• **EXERCISE DATA**
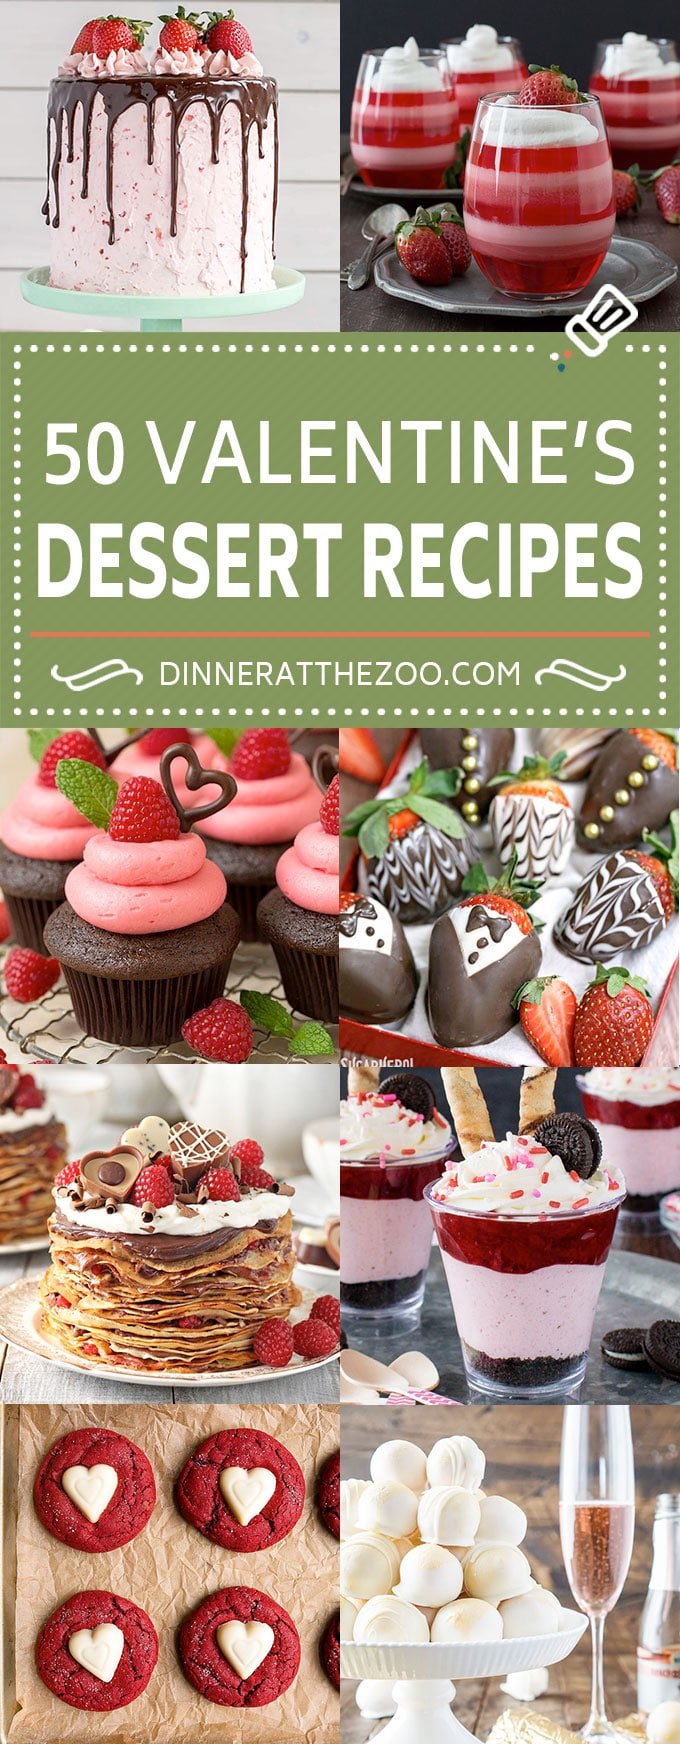 50 Valentine's Day Dessert Recipes | Chocolate Desserts | Valentine's Day Sweets #valentinesday #dessert #cakes #candy #dinneratthezoo
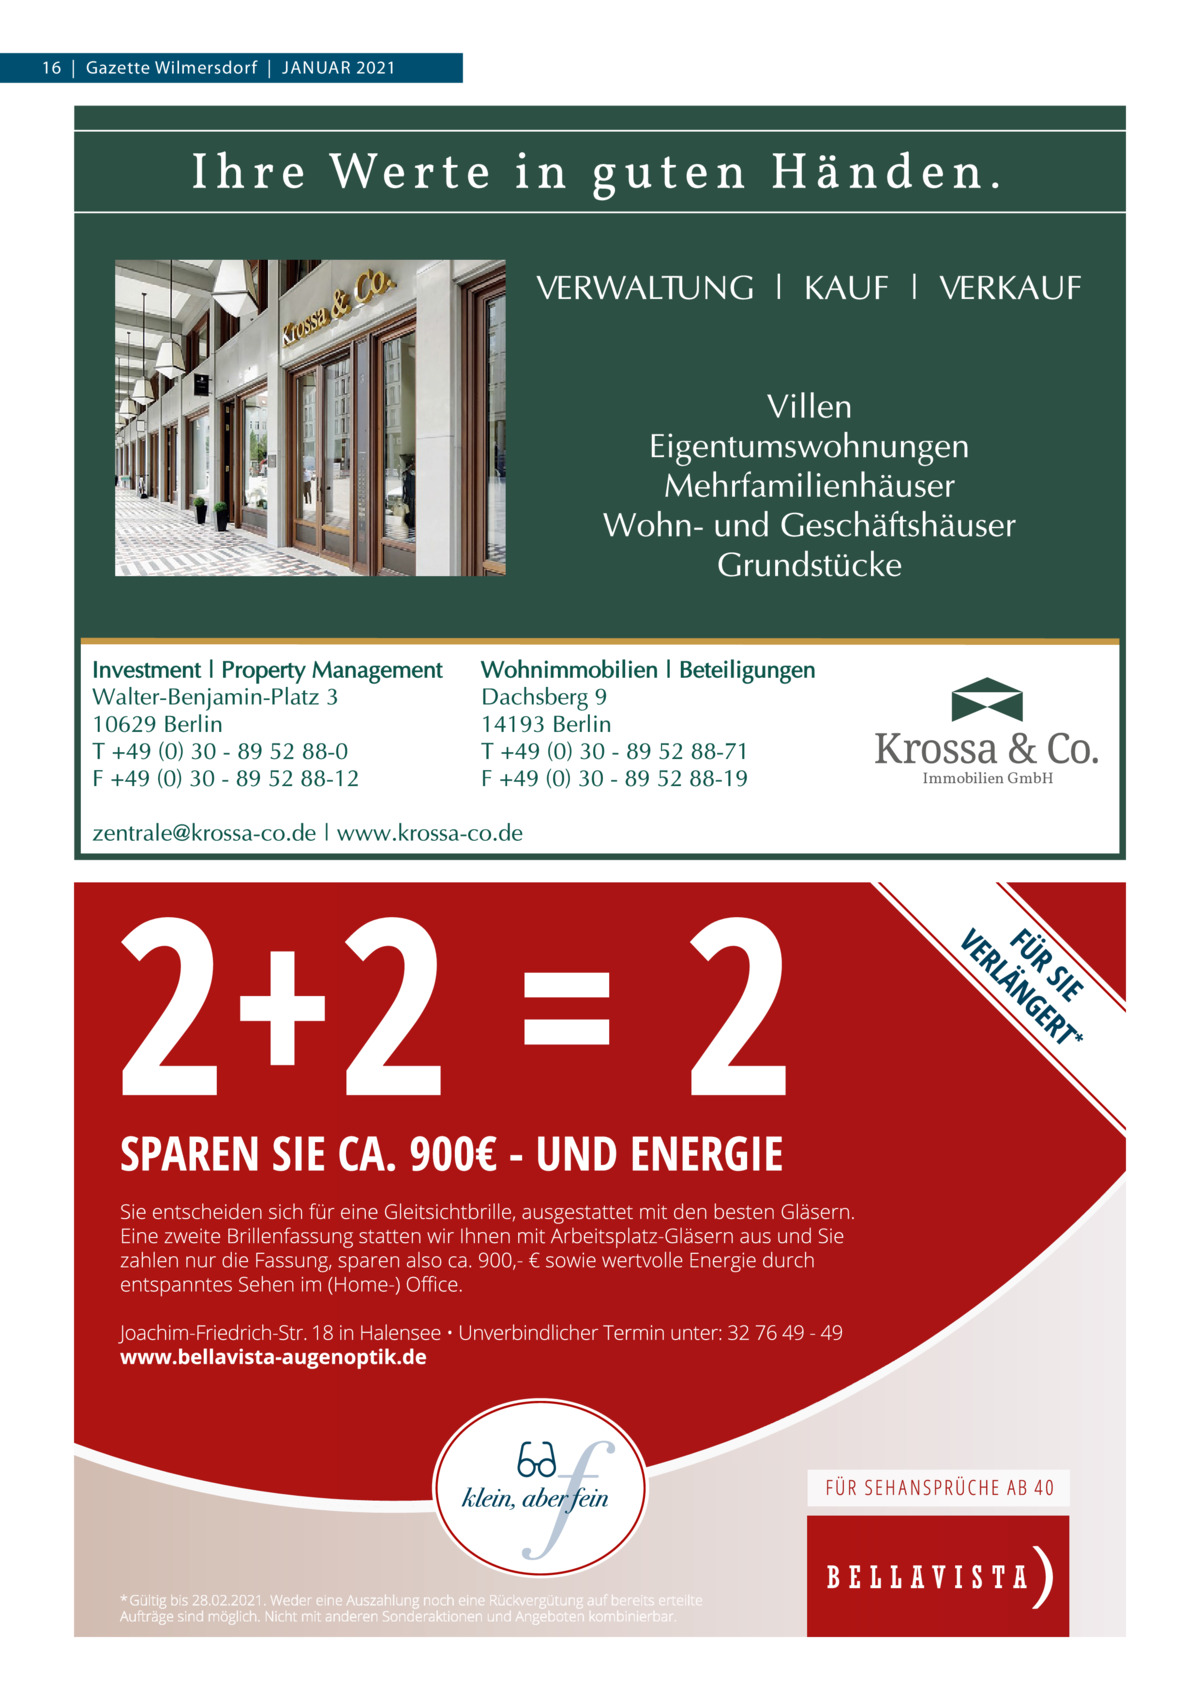 16  |  Gazette Wilmersdorf  |  Januar 2021  Immobilien GmbH
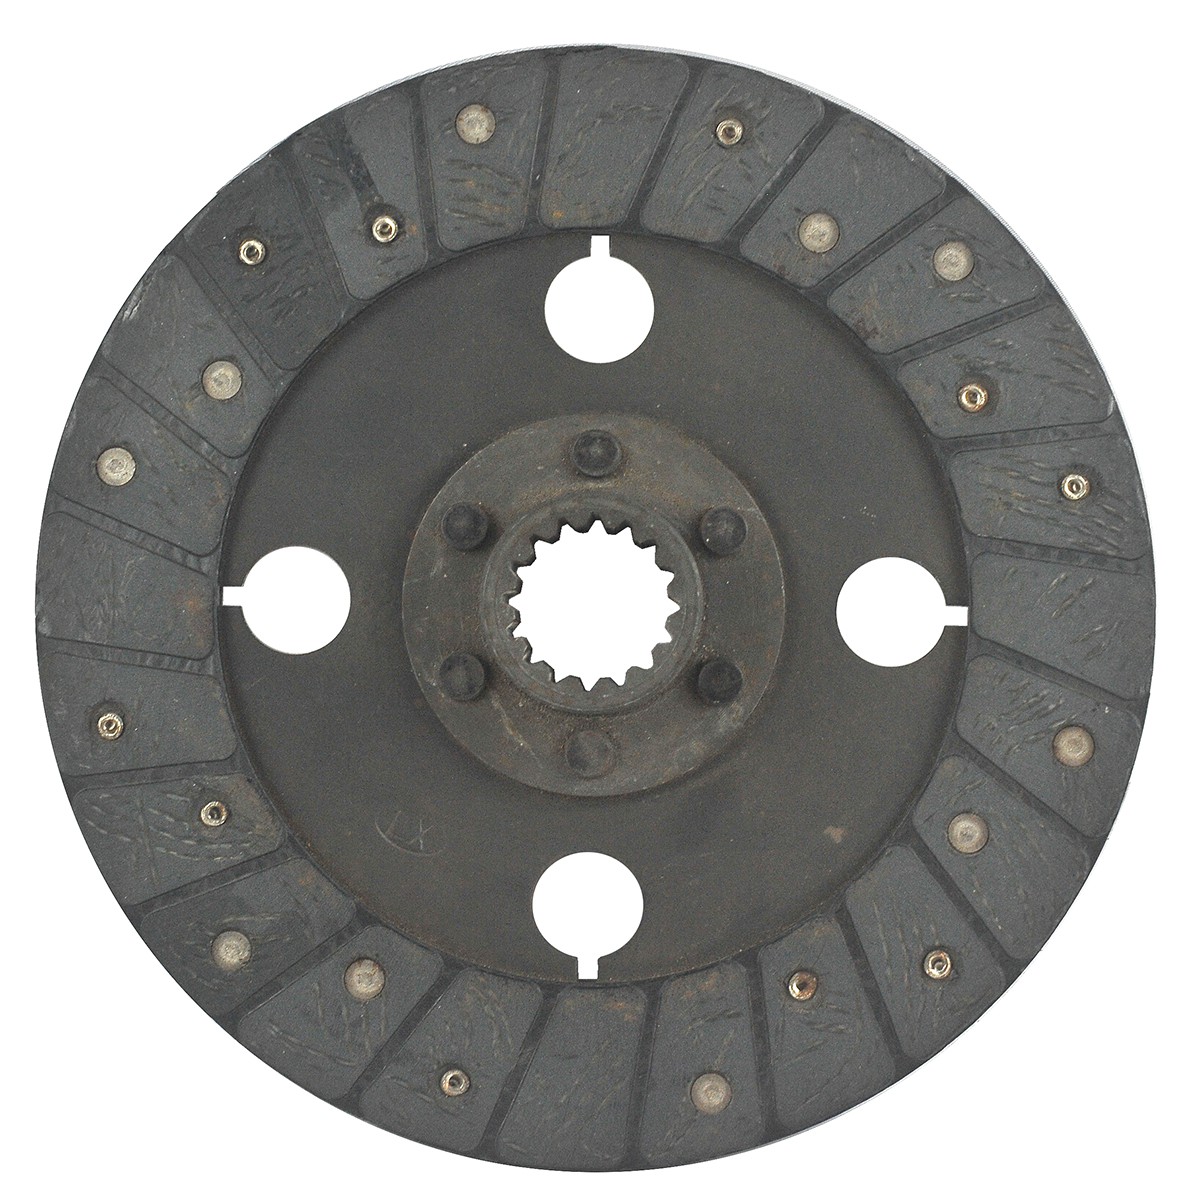 Clutch disc / 16T / 225 mm / Shibaura D23 / S4584
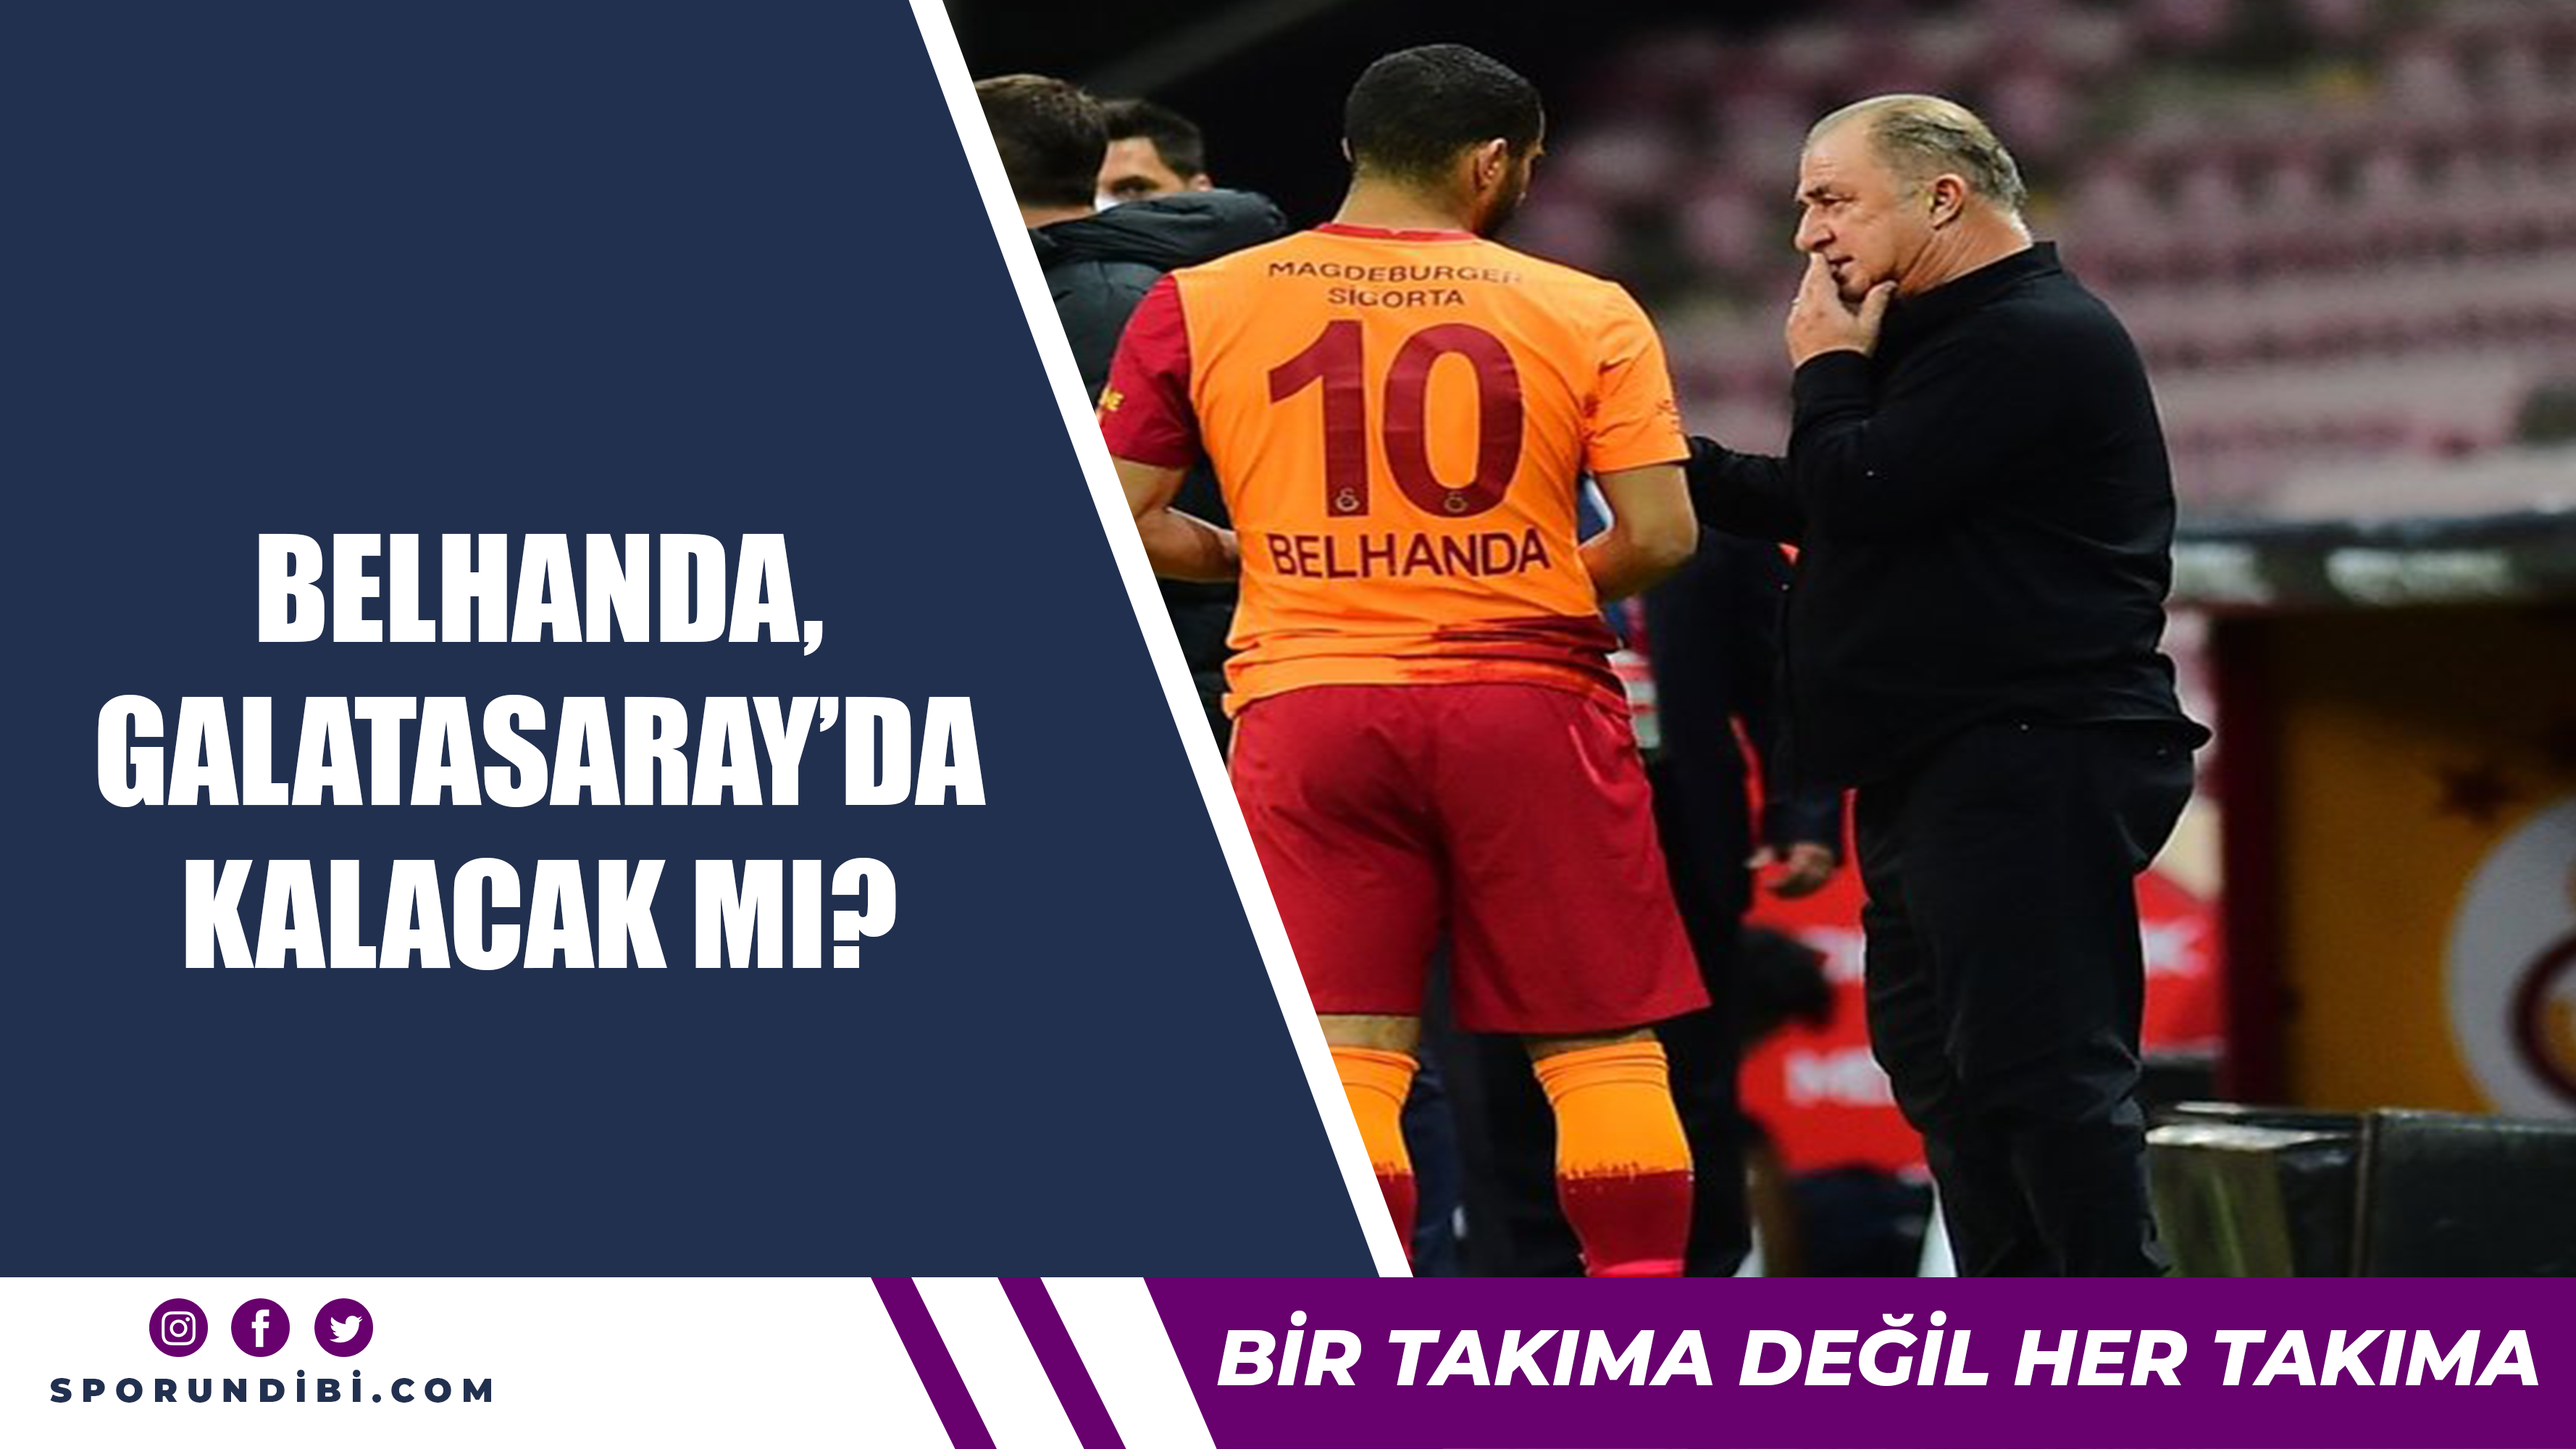 Belhanda, Galatasaray'da kalacak mı?

• **EXERCISE**
Whenever a picture appears in the listing, leave it out; copy everything else exactly.

• **TASK OUTPUT**
 50 Valentine's Day Dessert Recipes | Chocolate Desserts | Valentine's Day Sweets #valentinesday #dessert #cakes #candy #dinneratthezoo
 16  |  Gazette Wilmersdorf  |  Januar 2021  Immobilien GmbH
 Clutch disc / 16T / 225 mm / Shibaura D23 / S4584
 Belhanda, Galatasaray'da kalacak mı?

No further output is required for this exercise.